"IT'S NOT ALL ABOUT MONEY."
In her first major policy address today, we're told that Governor Palin will call for "full funding" of special education. Special needs children are "not a problem, they're a priority," she told Jill Zuckman of The Chicago Tribune, and will presumably say today.
"Full funding" of special education has a specific meaning. The Individuals with Disabilities Education Act (IDEA) sets a target of 40 percent for the federal share of funding for children with special needs, to ease the burden on states and local governments. The reality has been more like 17 percent. For years, there has been a struggle in Congress to get closer to the promised "full funding," with significant progress made in the late Clinton and early Bush year as the federal share crossed the 10 percent and then the 15 percent threshold, though it still fell far short of "full funding," which would cost an additional $25 billion a year.
Few are opposed on the merits to full funding of IDEA. The obstacle has always been the budget, and the fact that such domestic spending is crowded out by tax cuts, defense spending and then concern about the deficit. Special needs children may be a "priority," but they have fallen behind these others.
And in the McCain-Palin agenda, they still do. McCain has proposed a "spending freeze," with exceptions for entitlements, defense and veterans programs. That leaves the category known as domestic discretionary spending, which includes programs like IDEA. In the current budget, domestic discretionary spending totals $392 billion. So fully funding IDEA, while implementing a spending freeze on that category would require cutting every other domestic program by an average of 6.4 percent. That would include Pell Grants, the Low-Income Home Energy Assistance Program, WIC, clean-energy research, Section 8 housing -- dozens and dozens of programs. I hope someone today will ask Governor Palin whether she's proposing to cut all those programs, and why.

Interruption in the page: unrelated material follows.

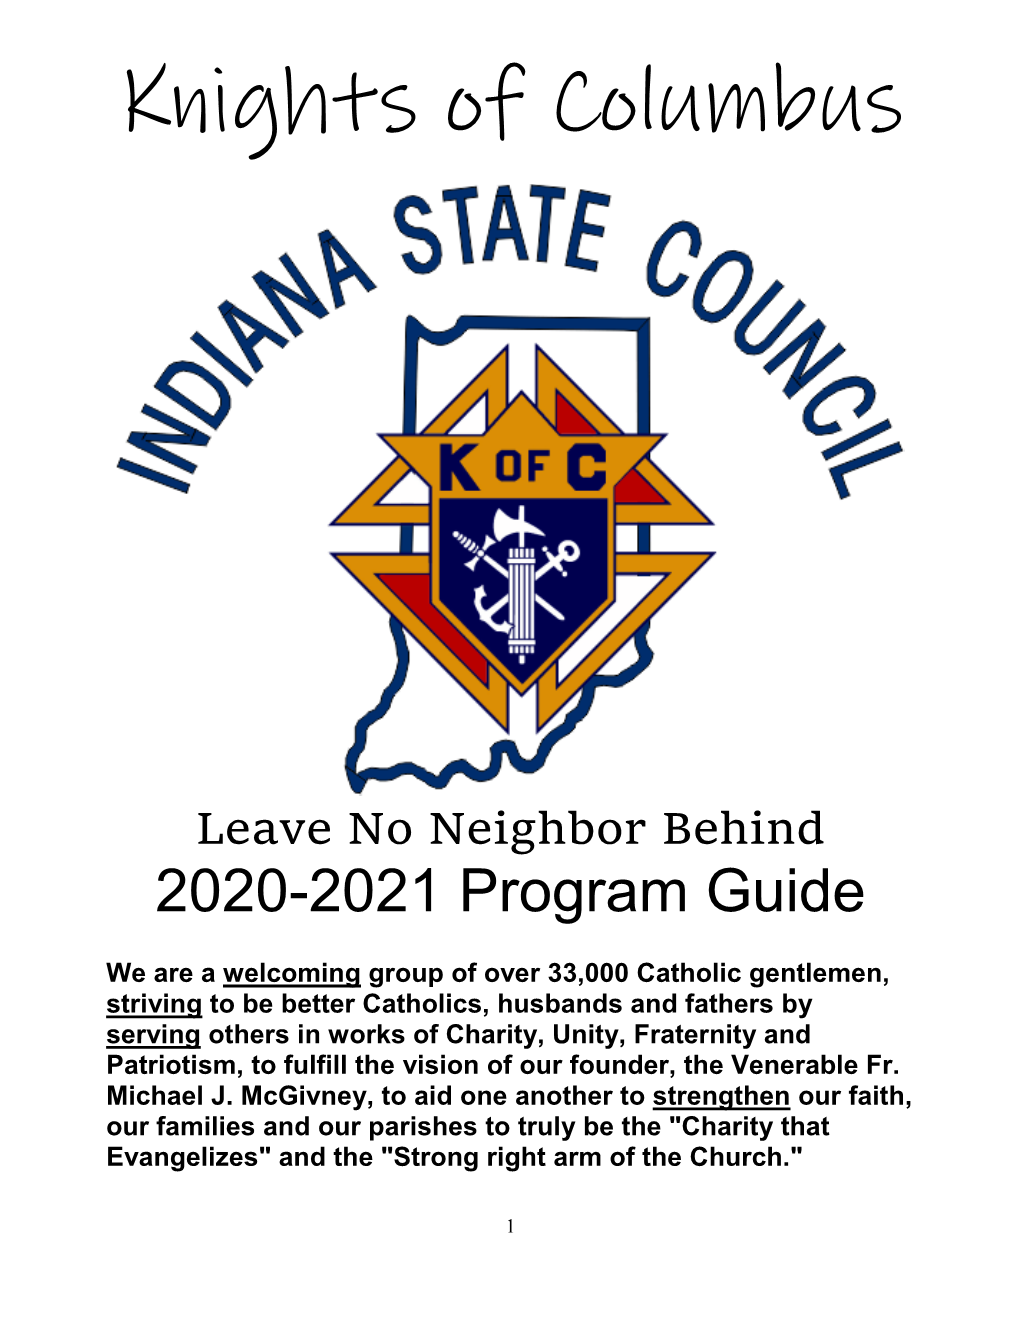 2017-2018 State Program Guide

This is the apotheosis of what I once called (long before the former Miss Wasilla joined the ticket), "Miss America Conservatism," in which conservatives express disdain for all of government except for their single "platform" issue on which they lavish money and attention (as Palin says, "it's not all about money") to show their human side. Yes, governor, it is all about money, and when your priorities are tax cuts, war and freezing spending, special needs children are not going to be a priority.
--Mark Schmitt
Feeds: 



COMMENTS (3)
First thing I thought when I read 'Miss America Conservatism' was about some GOP Senator who was for funding mental illness because someone in his family had one.

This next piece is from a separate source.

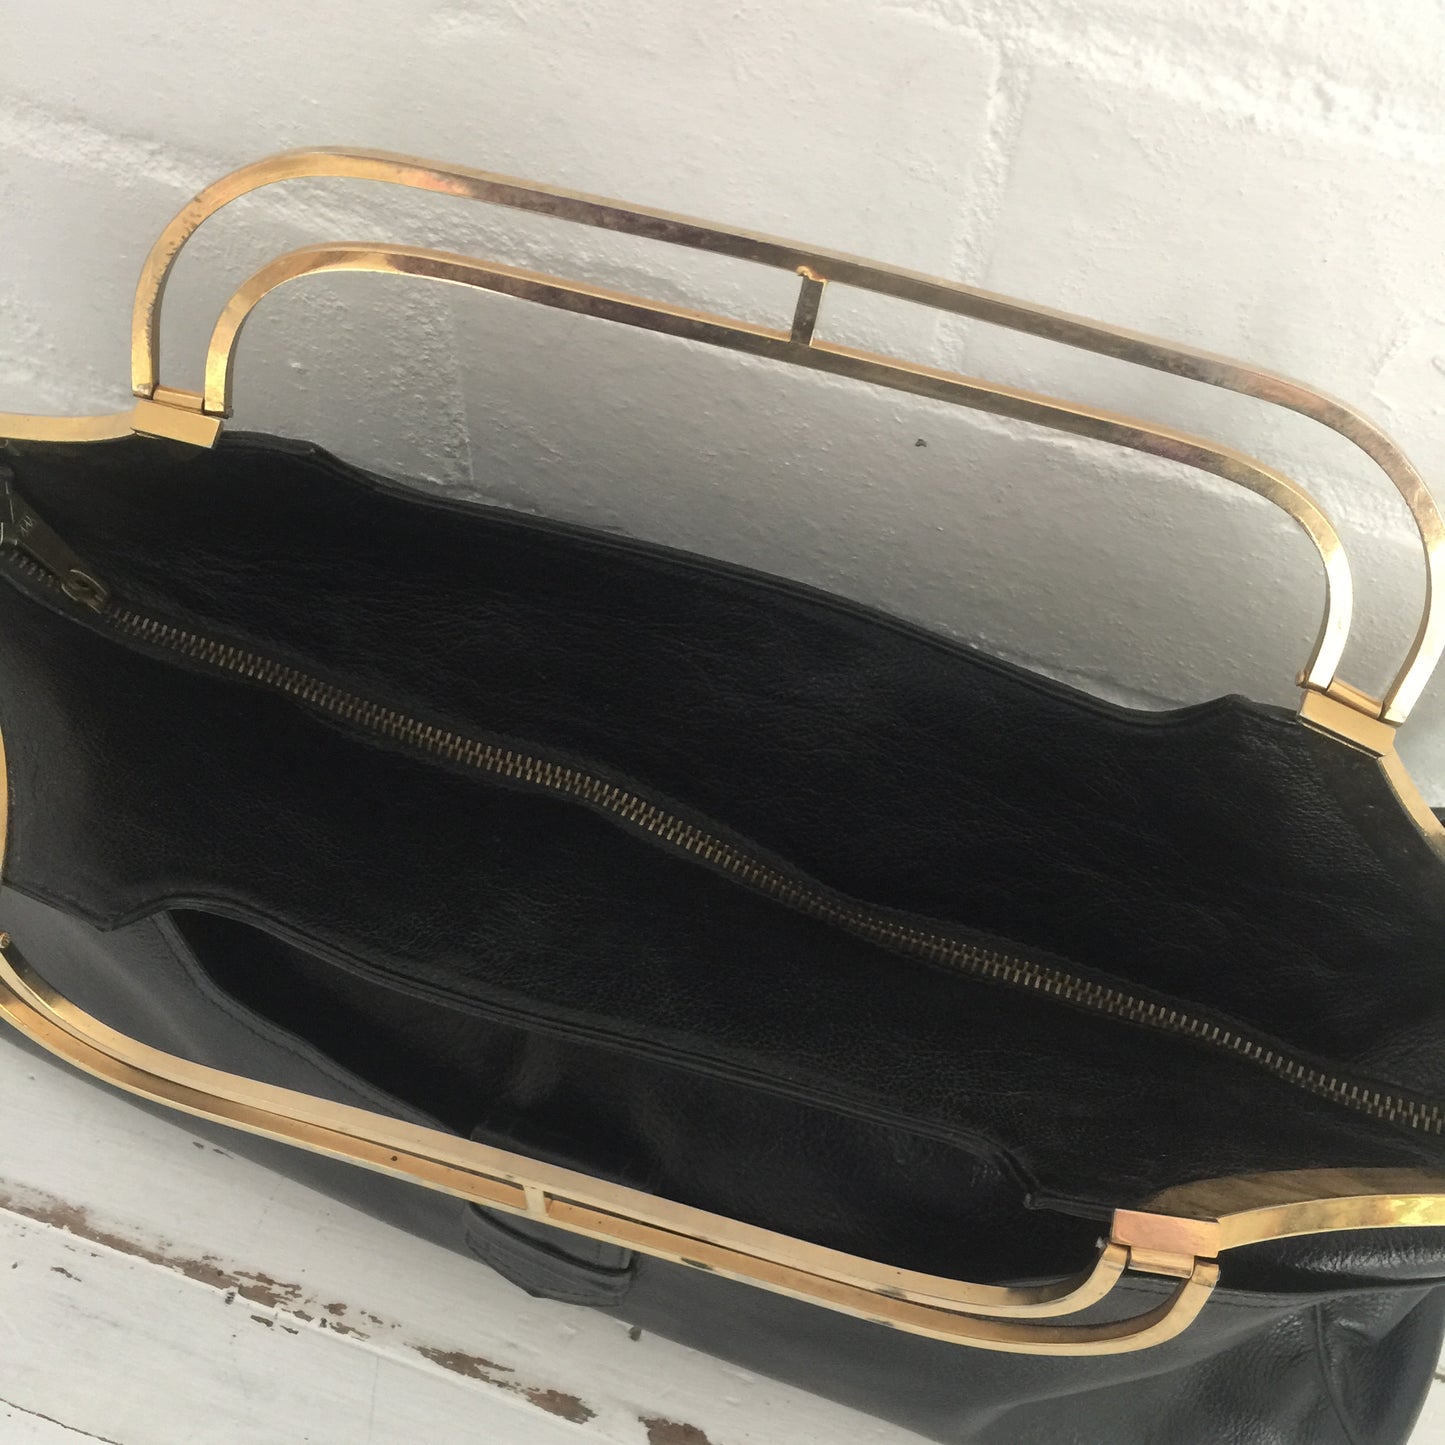 AMAZING Genuine LEATHER Handbag COOL Gold Handles

Gee, I wondered, where in the world had I read that originally ...
Posted by: leo | October 24, 2008 10:46 AM
The only thing Sarah Palin knows about special needs children is that she has one.
Were special needs children a Palin priority before Trig came along? Why not, I wonder? (And I think I know the answer.)

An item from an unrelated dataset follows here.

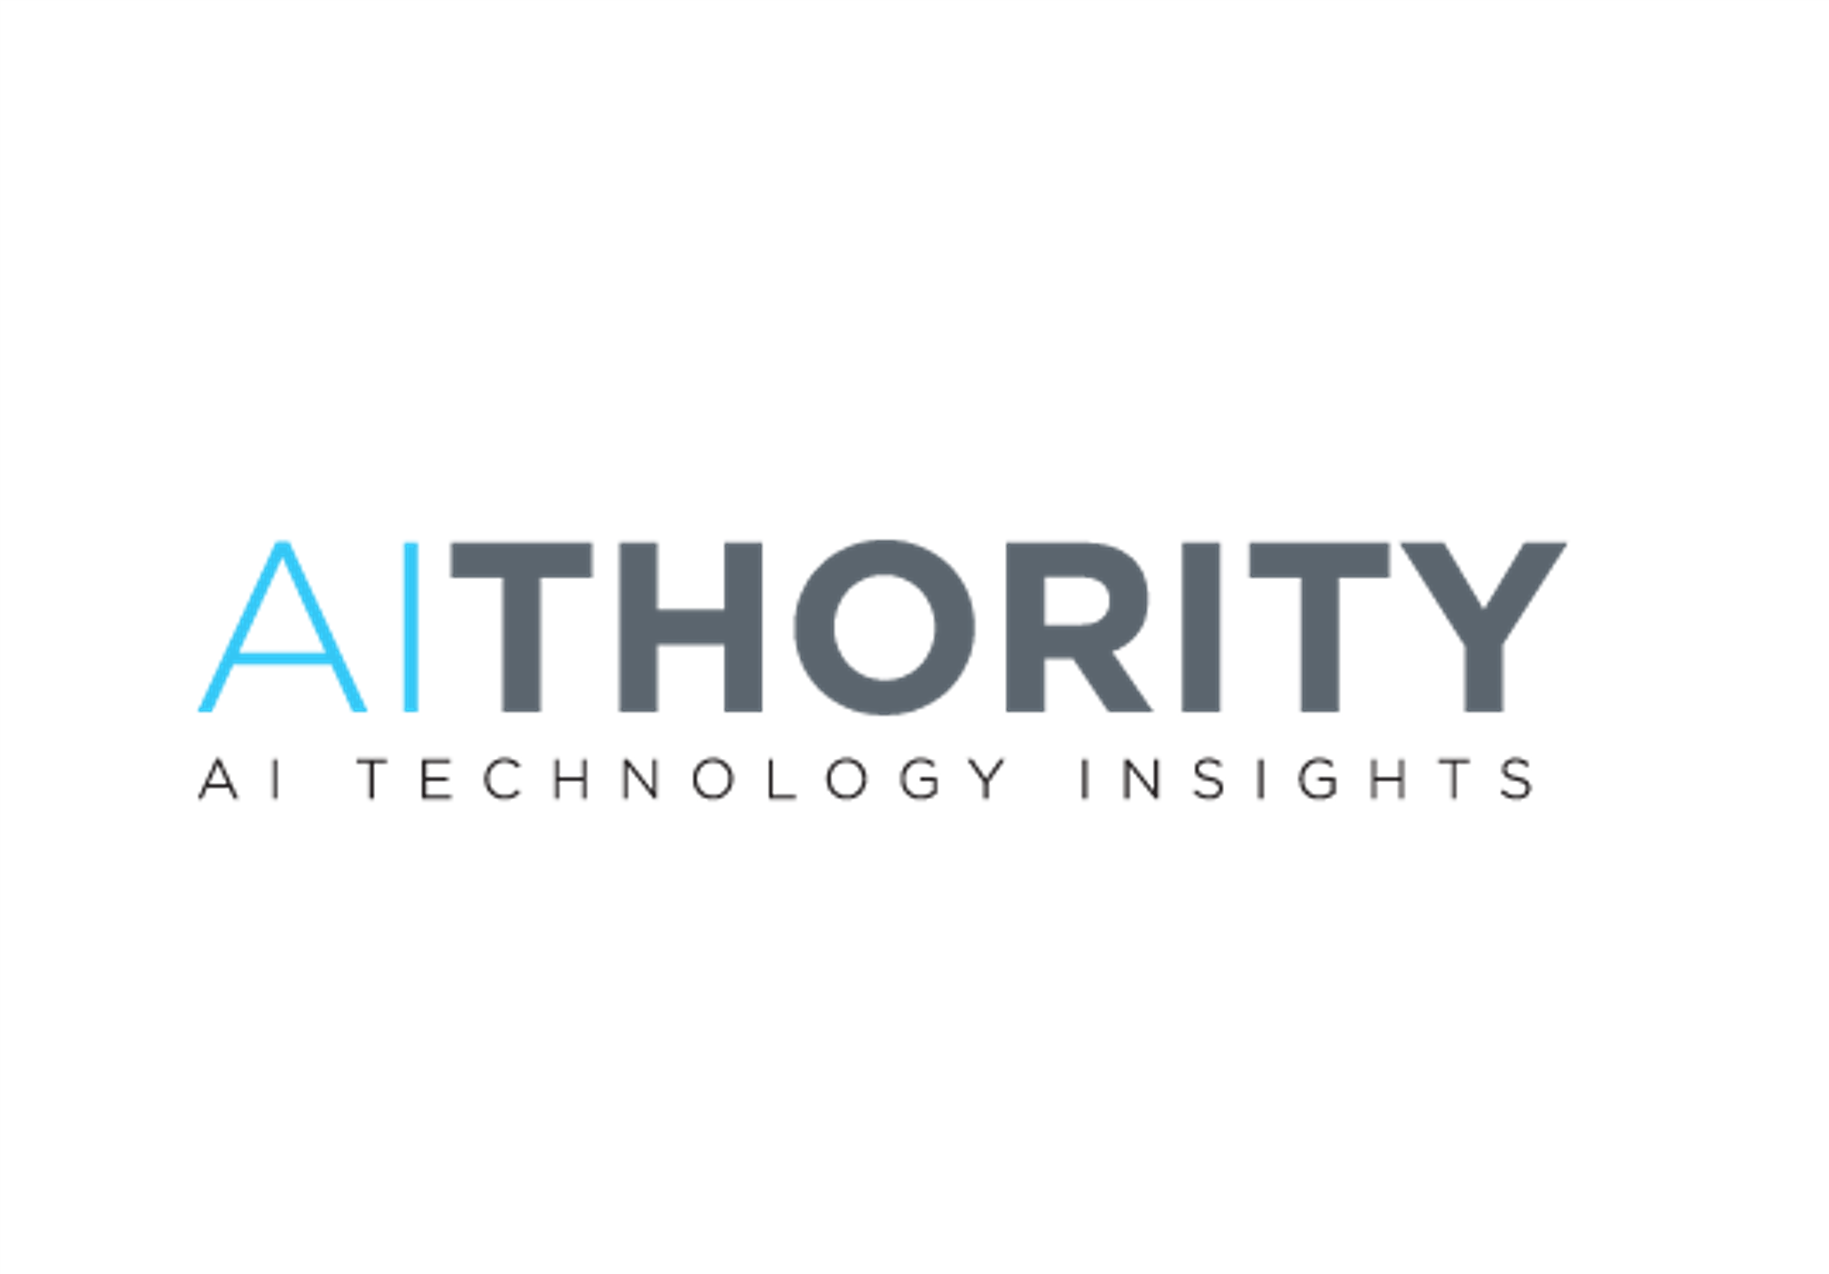 AITHority Logo

Posted by: Lone Wolf | October 24, 2008 11:40 AM
from lone wolf:
Were special needs children a Palin priority before Trig came along?
...and, I might add, was is on camp palin's radar to talk about it until it was apparent that Obama might be about to get some serious somber, sympathy press due to circumstances surrounding his grandmother?
The 'pubs are always reacting, playing catch-up. And in doing so, triavalize important issues and basically crap all over a good portion of the population that are anxious about all kinds of uncertainty, including their loved ones who have disabilities.